Input material:

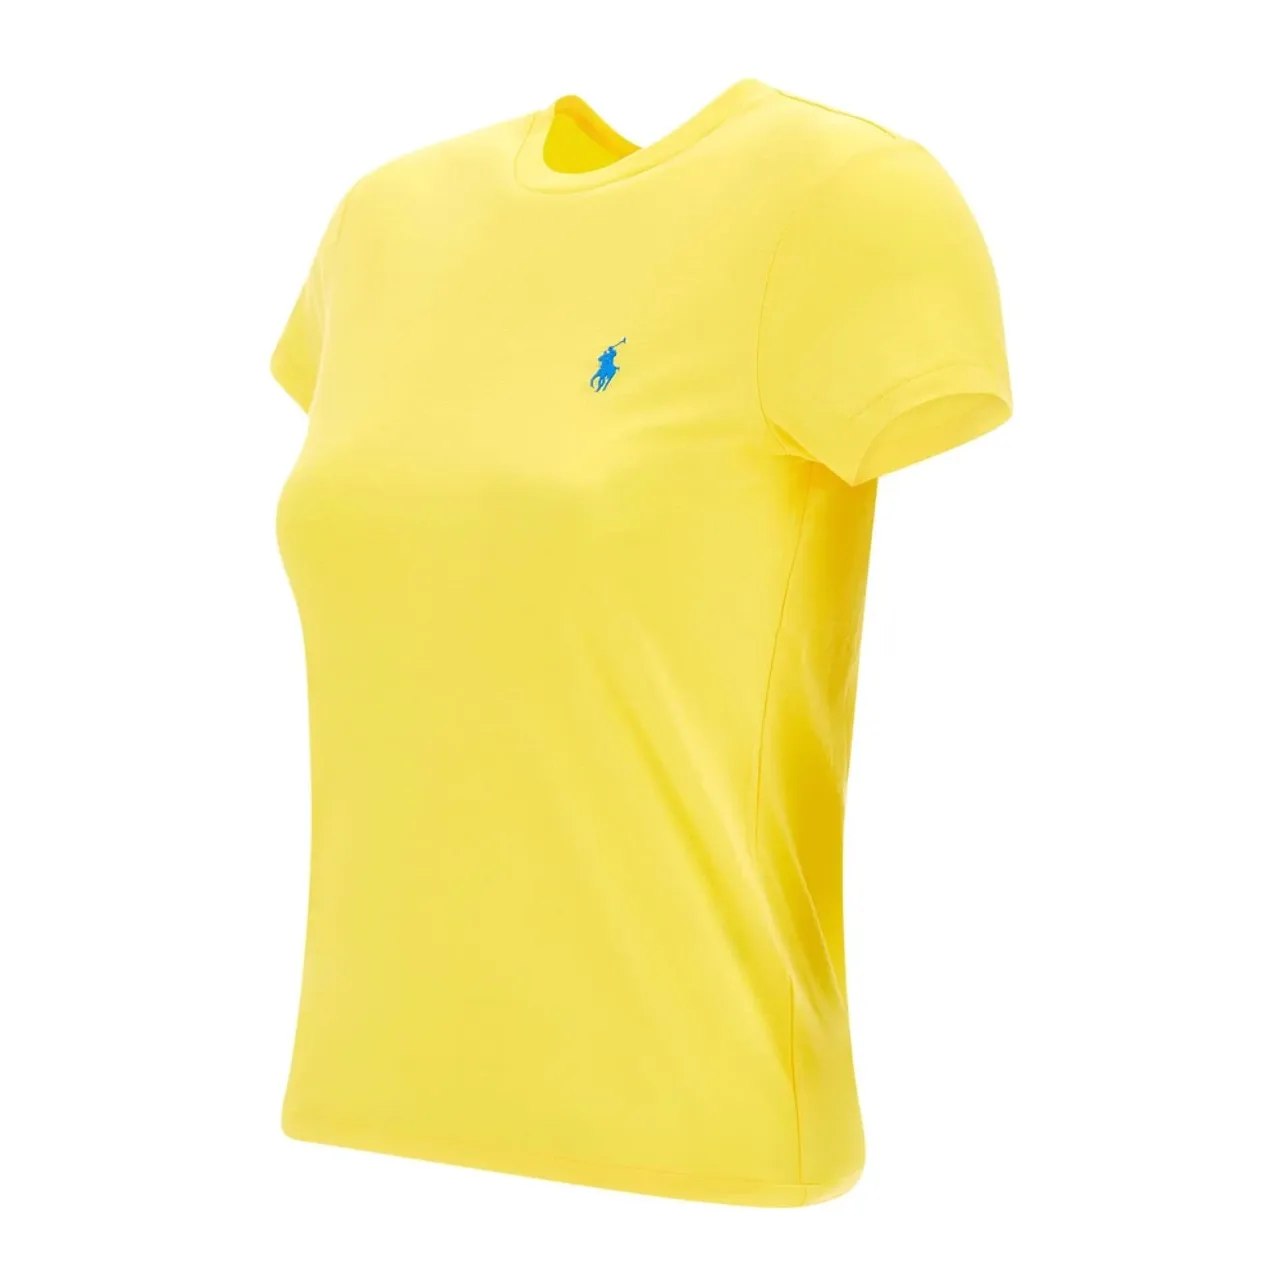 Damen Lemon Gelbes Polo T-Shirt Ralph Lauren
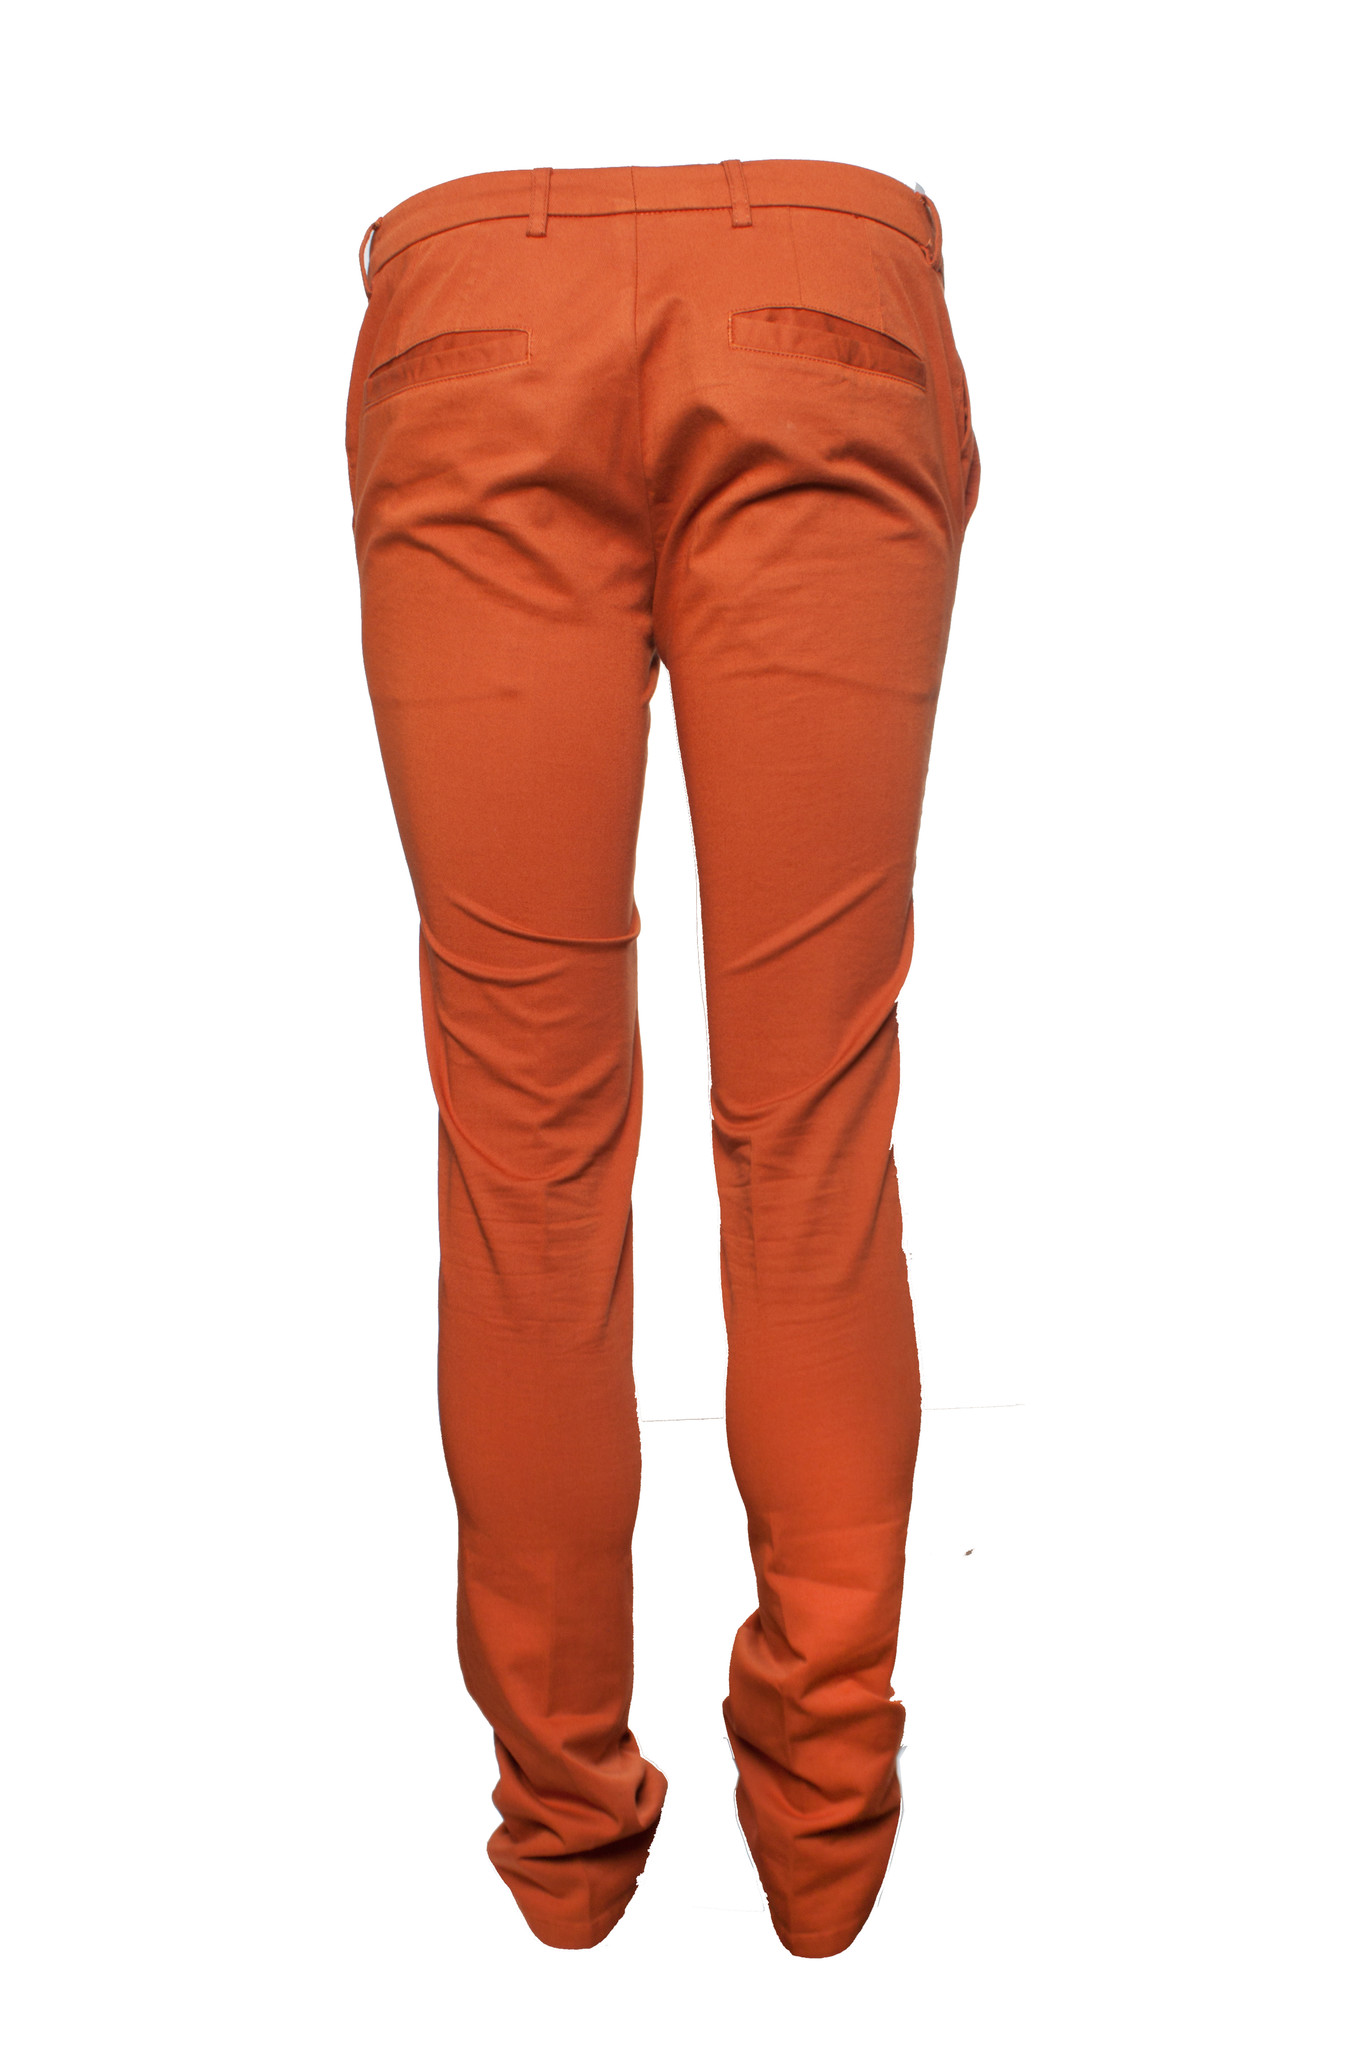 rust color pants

--

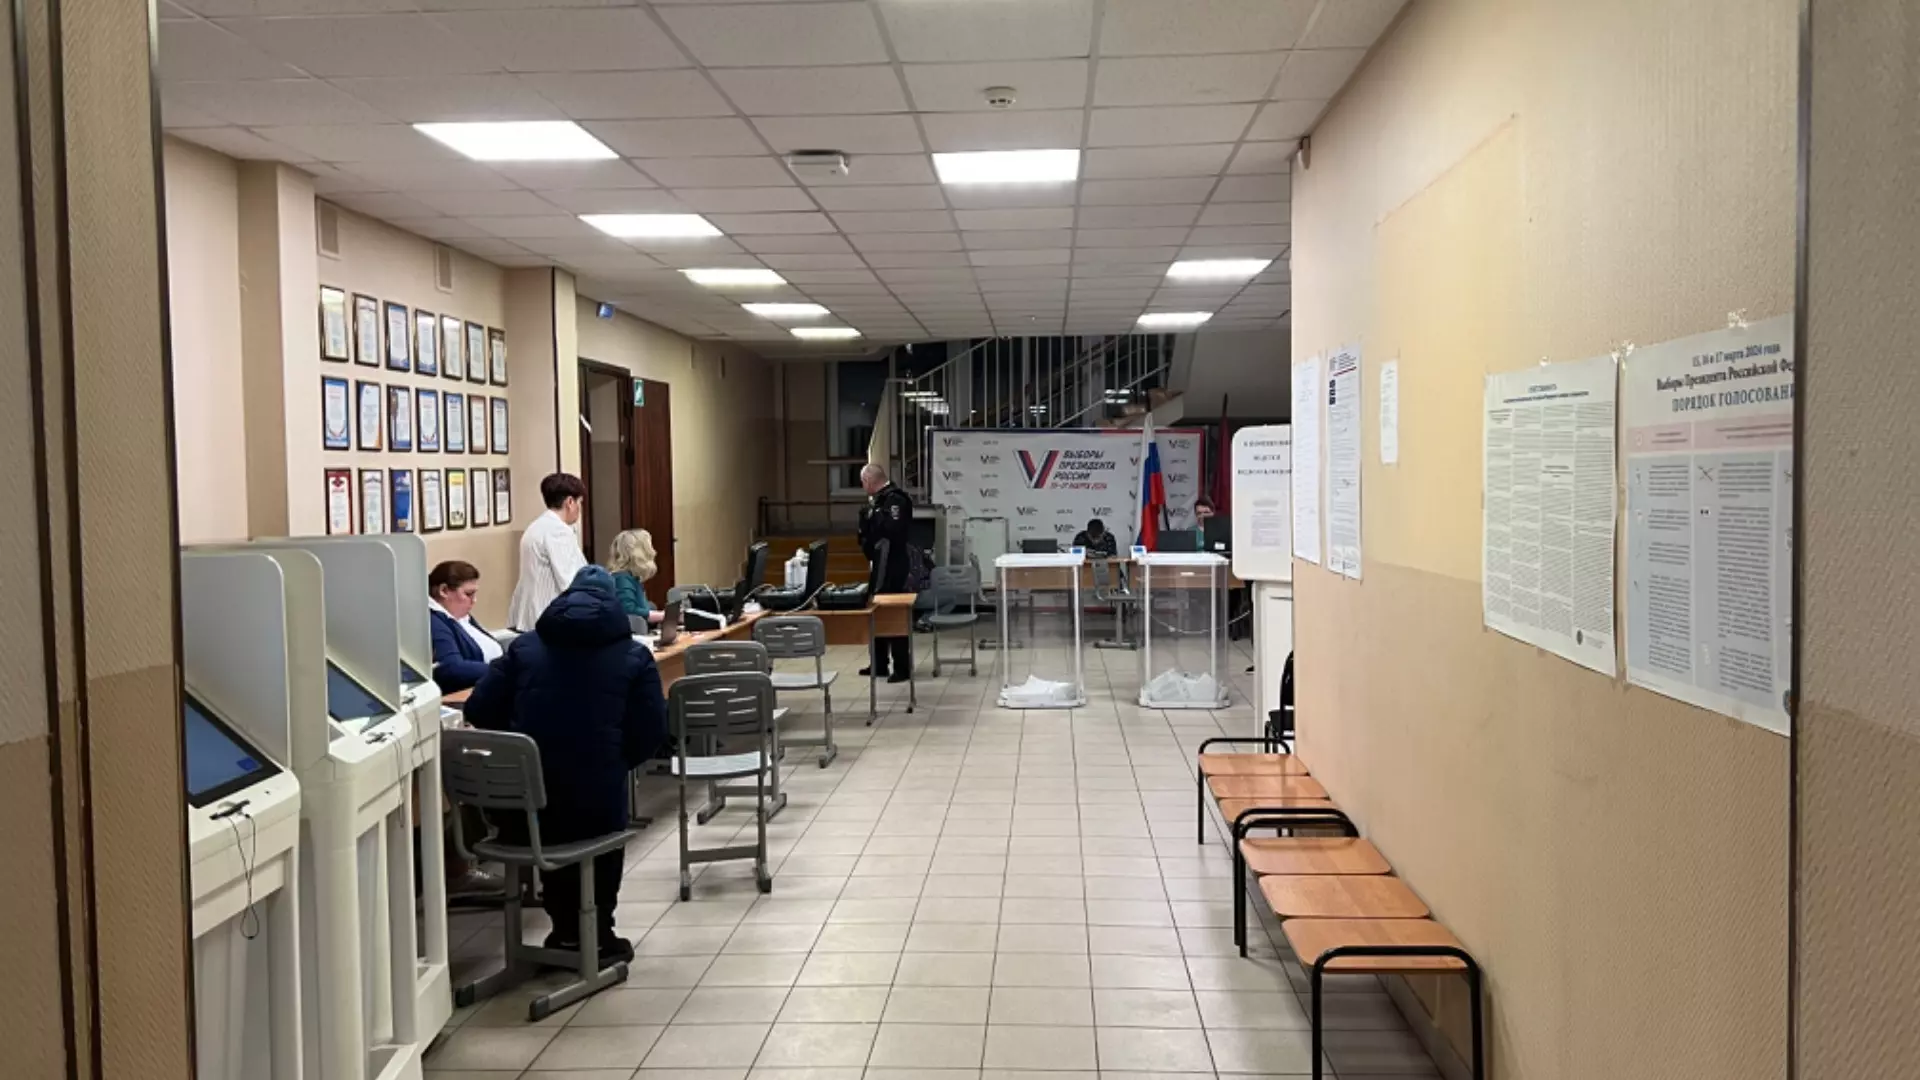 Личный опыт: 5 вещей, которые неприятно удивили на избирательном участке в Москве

==

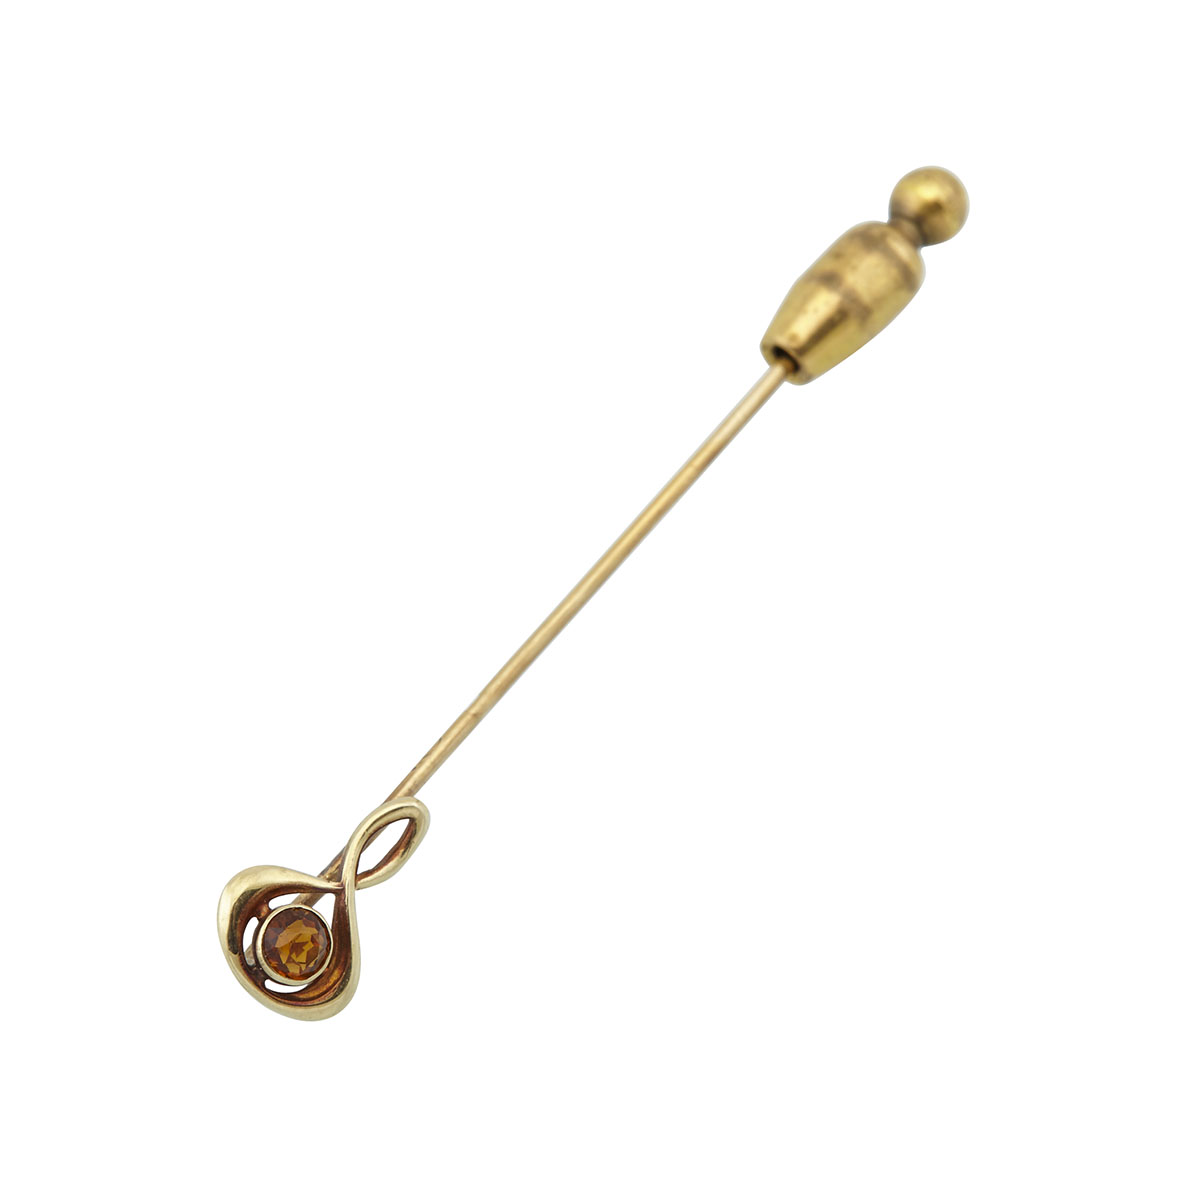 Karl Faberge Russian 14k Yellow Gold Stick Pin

What is needed:
Everything above from the line that has "Damen Lemon Gelbes Polo T-Shirt Ralph Lauren" down to the line that has "rust color pants" should be output exactly, with both of those lines included. Leave the pictures behind.

Answer to this problem:
 Damen Lemon Gelbes Polo T-Shirt Ralph Lauren
 rust color pants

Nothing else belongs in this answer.